Citations or no shipping. The first version of the synthesis layer was Haiku-with-temperature, no validator, no retry. It sounded great and made things up. The lesson was that “the AI is mostly right” is not the same product as “the AI cannot be confidently wrong”. The citation validator was the line I had to draw between the two; I’d put it in earlier next time.
The catalogue teaches, it doesn’t tell. A specific library
version named in a static prompt is a slow-motion bug; the moment
that library deprecates or pivots, every output ships stale
advice. Every recommendation in PromptForge carries a three-step
contract instead of a static answer: the runtime AI fetches the
primary source, writes the verification date into a repo note,
and flags defaults that have aged. The branch is per-AI because
the wrong invocation idiom is another way to fail silently. Claude
Code is pointed at Context7 + WebFetch, Cursor at @docs, Codex
at /research, the universal fallback at plain bash + curl.

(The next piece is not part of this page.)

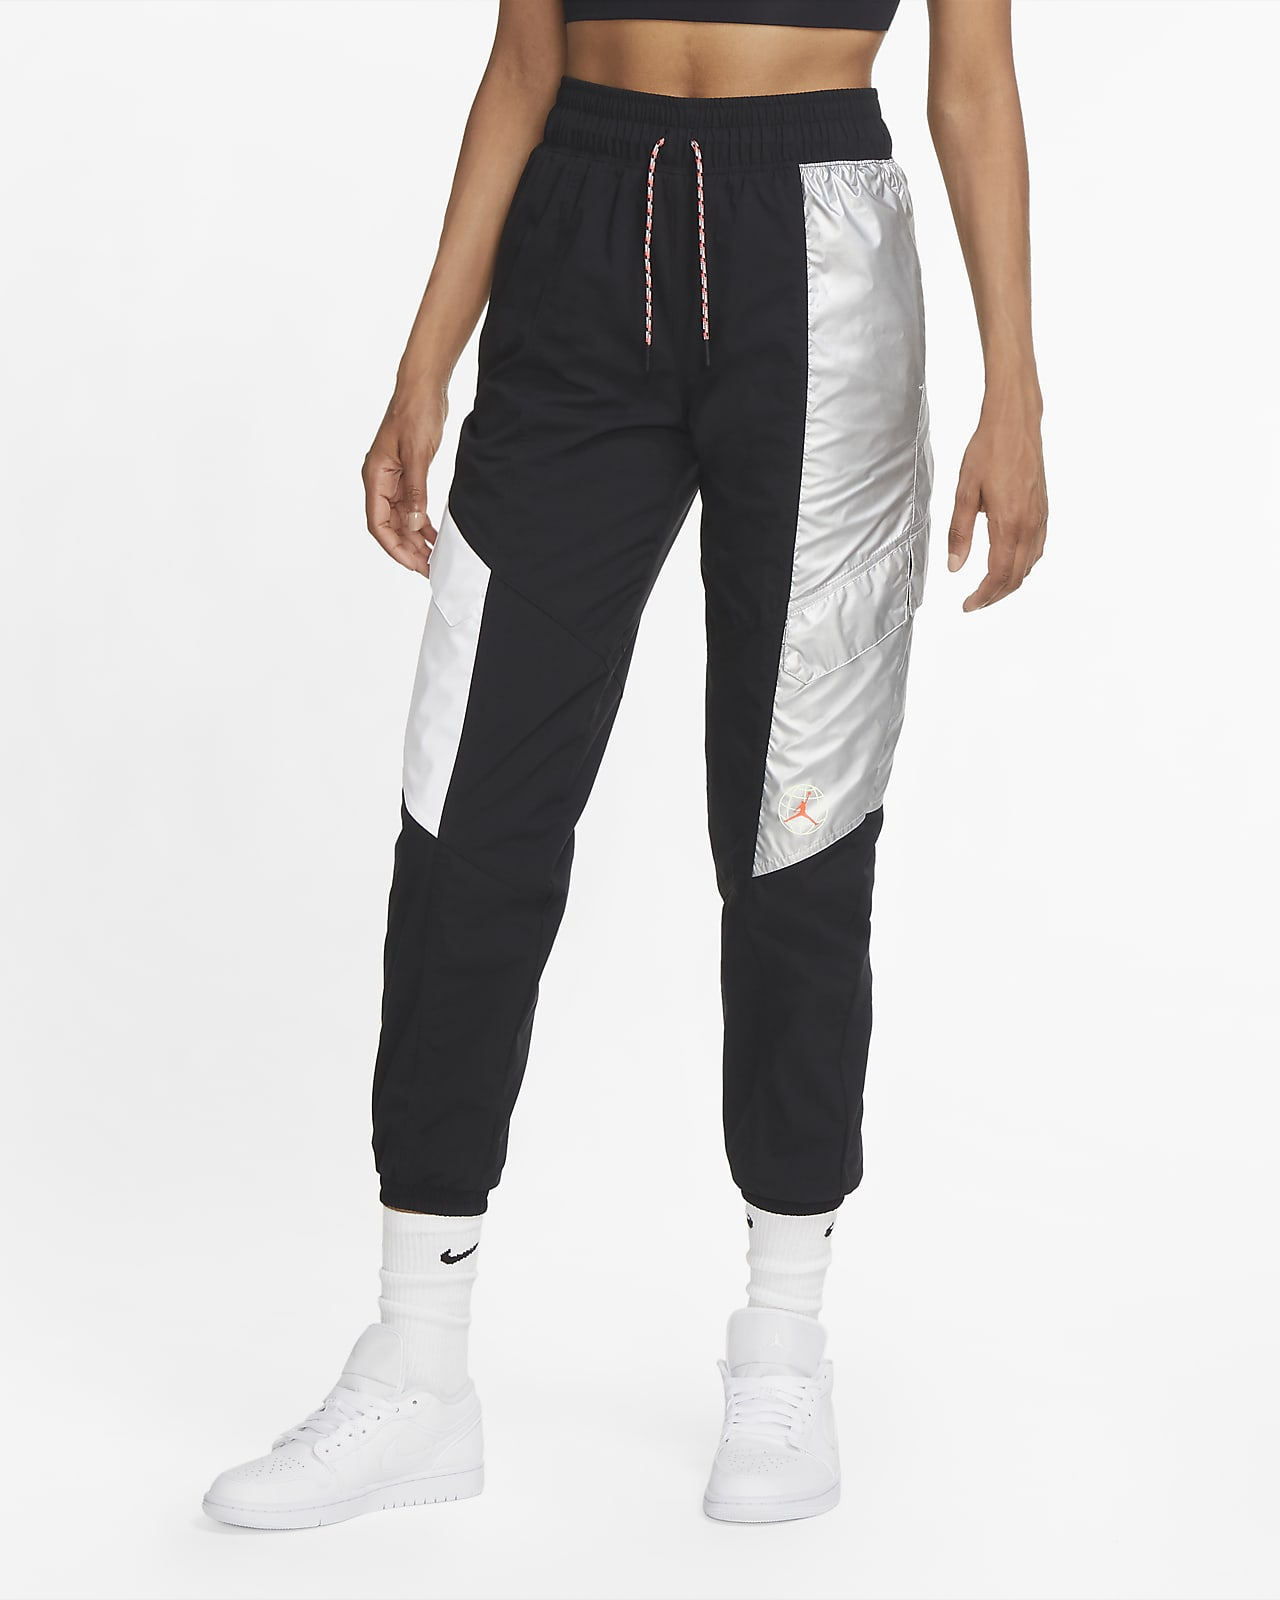 Pantalones para mujer Jordan Winter Utility

Quality has to be a test, not a vibe. “The output looked good last time” is not a guarantee for the next user. The deterministic eval gates pin retrieval recall, citation accuracy, and expected claims. The ablation table measures whether each piece of the pipeline earns its cost. Most of the bugs I caught late were the kind you can only see when you write the test that forces the failure to be visible.

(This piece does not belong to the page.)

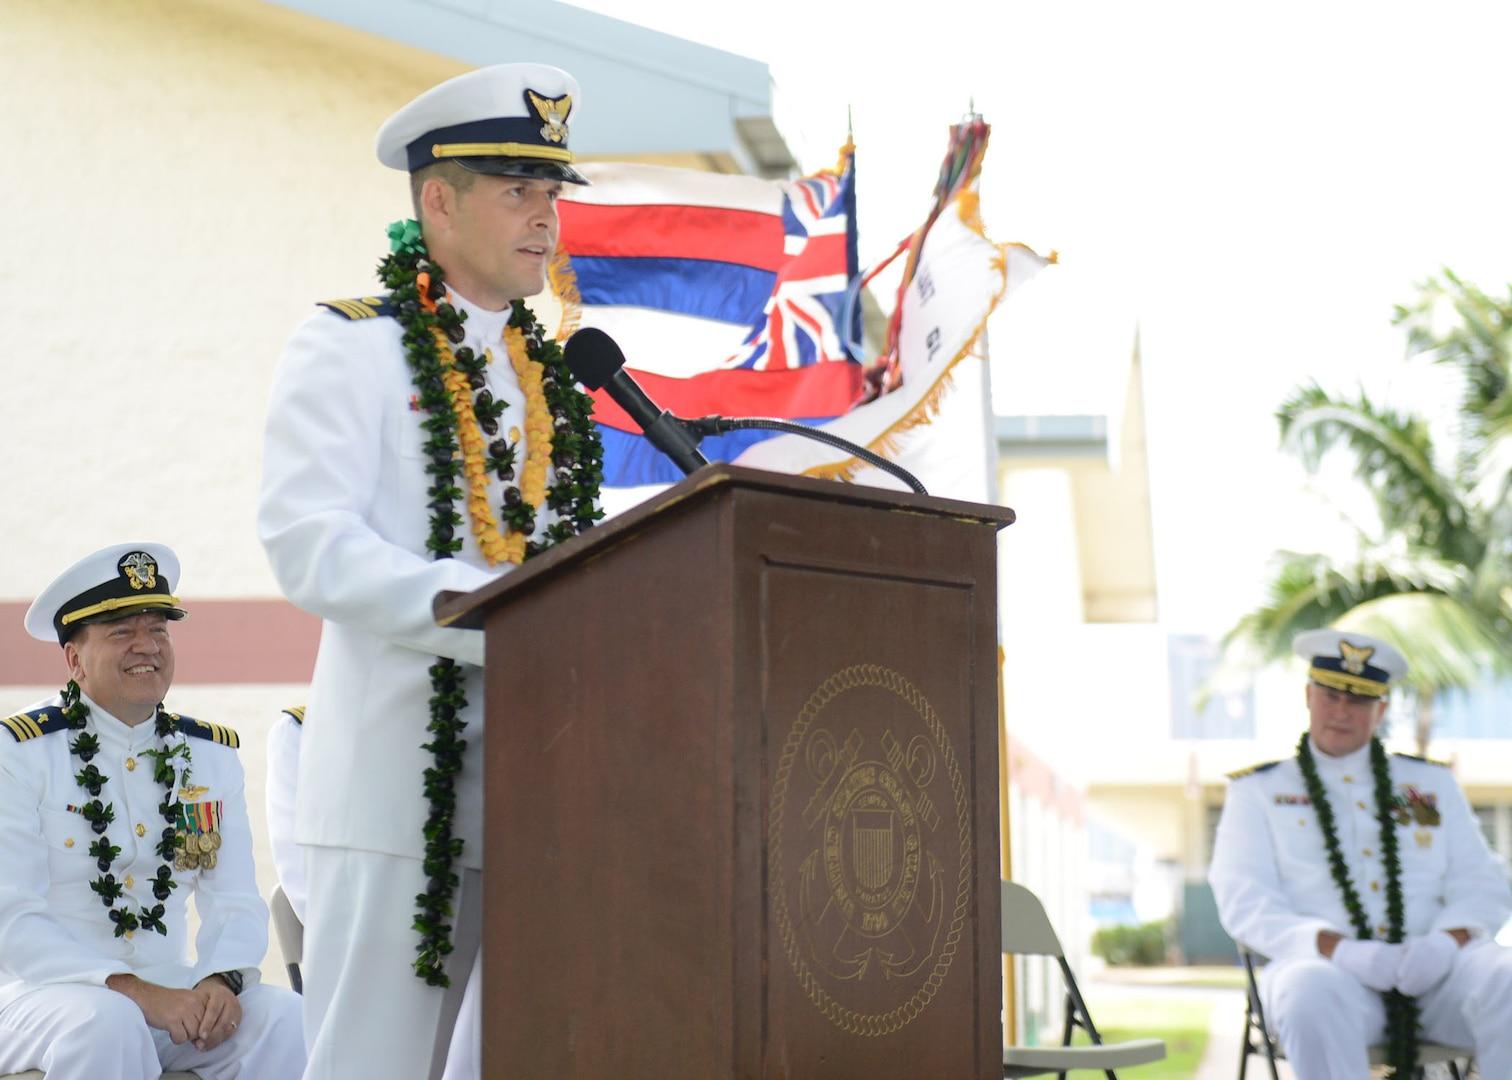 Coast Guard Civil Engineering Unit Honolulu Welcomes New Commanding Officer

Errors are part of the product. “We couldn’t reach the server” reads better than “Failed to fetch”, and “the knowledge base is still being indexed, try the guided wizard instead” reads better than a 503. The structured detail still travels in the payload so the UI can branch on the underlying reason; only the visible text sits on the user’s side of the wall.
See it for yourself
A worked example of one brief flowing through the engine end-to-end lives at promptforge.uk/case-study. Static, ninety seconds to read, shows what gets picked up from the brief, the constraints flagged for the build, the suggested stack with the actual source URL for each pick, and a condensed excerpt of the meta-prompt the user receives.
Status
Live at promptforge.uk. The retrieval
demo sits at /rag; the older guided wizard at /session/new and
still works.
The roadmap from here: more golden fixtures, wider use of the
Voyage reranker now that it is wired in, and a local-CLI mode so
power users can run against their own keys.